The ToDictMixin can be combined with another mixin to provide additional functionality.  In this case we create a JsonMixin that uses the to_dict function of the ToDictMixin to convert an object to/from json.

In [42]:
import json
class JsonMixin(object):
    @classmethod
    def from_json(cls, data):
        kwargs = json.loads(data)
        return cls(**kwargs)

    def to_json(self):
        return json.dumps(self.to_dict())

Here is an example of using the mixins in a class DatacenterRack

In [45]:
class Switch(object):
    def __init__(self, ports, speed):
        self.ports = ports
        self.speed = speed
        
class Machine(object):
    def __init__(self, cores, ram, disk):
        self.cores = cores
        self.ram = ram
        self.disk = disk
        
class DatacenterRack(ToDictMixin, JsonMixin):
    def __init__(self, switch=None, machines=None):
        self.switch = Switch(**switch)
        self.machines = [
            Machine(**kwargs) for kwargs in machines]

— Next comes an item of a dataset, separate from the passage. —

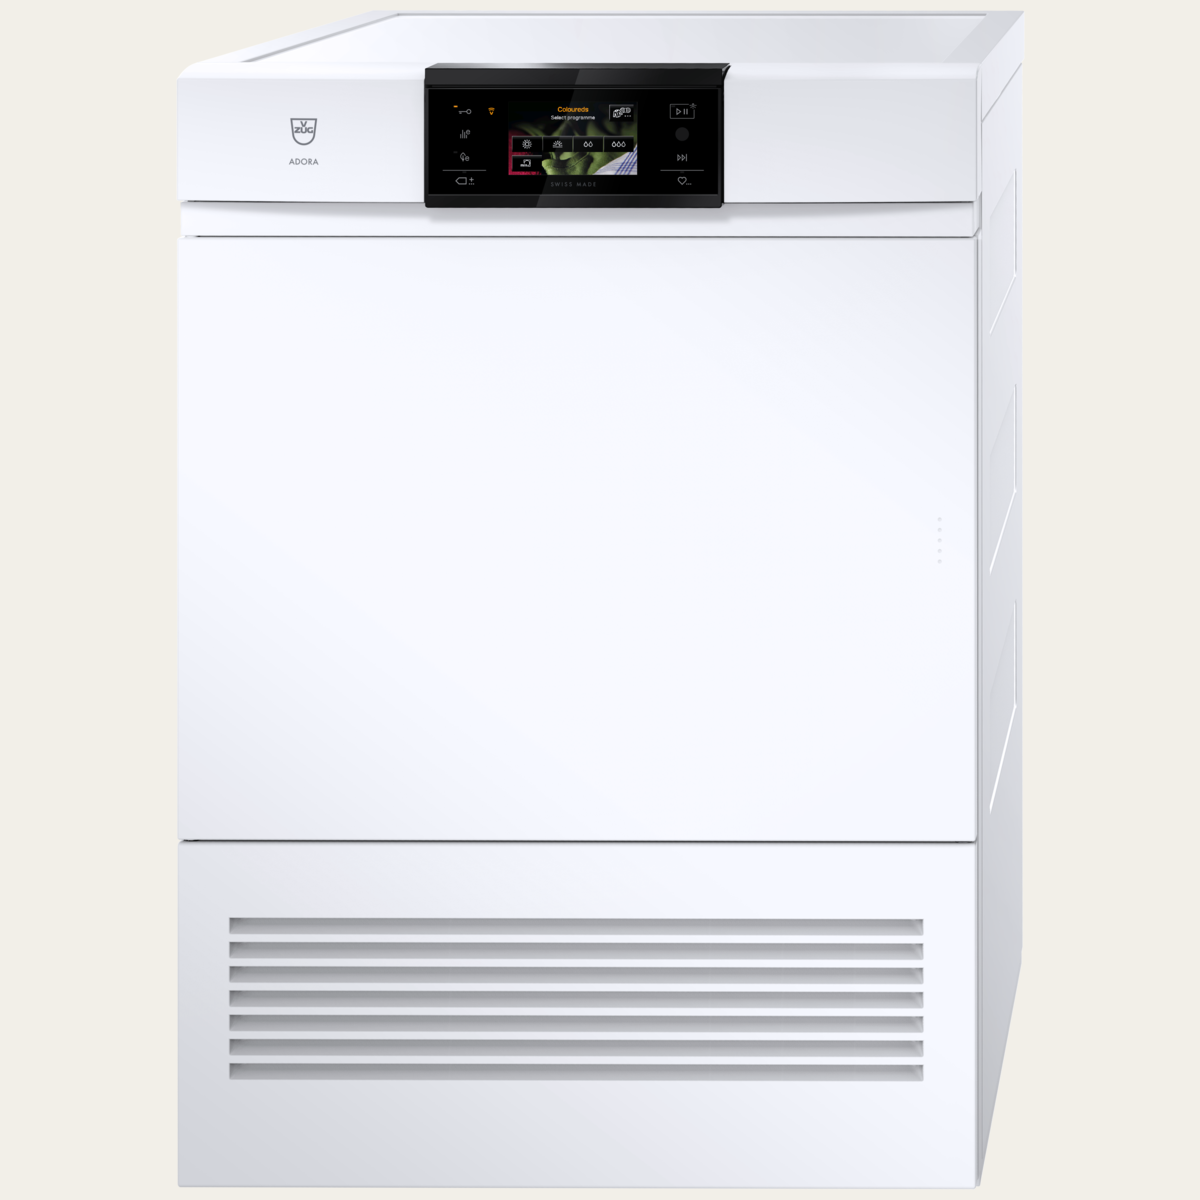 V-ZUG Tumble dryer AdoraDry V6000, Door hinge: Left,V-ZUG-Home, Nominal capacity: 7 kg, Full-colour graphic display, Air transport according to UN 3358 prohibited

switch = dict(ports=5, speed=1e9)
machines = []
machines.append(dict(cores = 4, ram = 32e9, disk = 500e9))
dc = DatacenterRack(switch, machines)
print(dc.to_json())

{"machines": [{"ram": 32000000000.0, "disk": 500000000000.0, "cores": 4}], "switch": {"speed": 1000000000.0, "ports": 5}}


# Item 27: Prefer Public Attributes Over Private Ones

In python there are only two types of attribute visibility for a class's attributes: public and private.

In [None]:
class MyObject(object):
    def __init__(self):
        self.public_field = 5
        self.__private_field = 10

    def get_private_field(self):
        return self.__private_field

# Item 28: Inherit from collections.abc for Custom Container Types

say you want to create your own custom list type that has additional methods for counting the frequency of its members.

In [46]:
class FrequencyList(list):
    def __init__(self, members):
        super().__init__(members)

    def frequency(self):
        counts = {}
        for item in self:
            counts.setdefault(item, 0)
            counts[item] += 1
        return counts

Here you can use all of the builtin list functionality as well as the new function.

In [47]:
foo = FrequencyList(['a', 'b', 'a', 'c', 'b', 'a', 'd'])
print('Length is', len(foo))
foo.pop()
print('After pop:', repr(foo))
print('Frequency:', foo.frequency())

Length is 7
After pop: ['a', 'b', 'a', 'c', 'b', 'a']
Frequency: {'b': 2, 'a': 3, 'c': 1}


The built-in collections.abc module defines a set of abstract base classes that provide all of the typical methods for each container type. When you subclass from these abstract base classes and forget to implement required methods, the module will tell you something is wrong.

In [48]:
from collections.abc import Sequence

class BadType(Sequence):
    pass

foo = BadType()

TypeError: Can't instantiate abstract class BadType with abstract methods __getitem__, __len__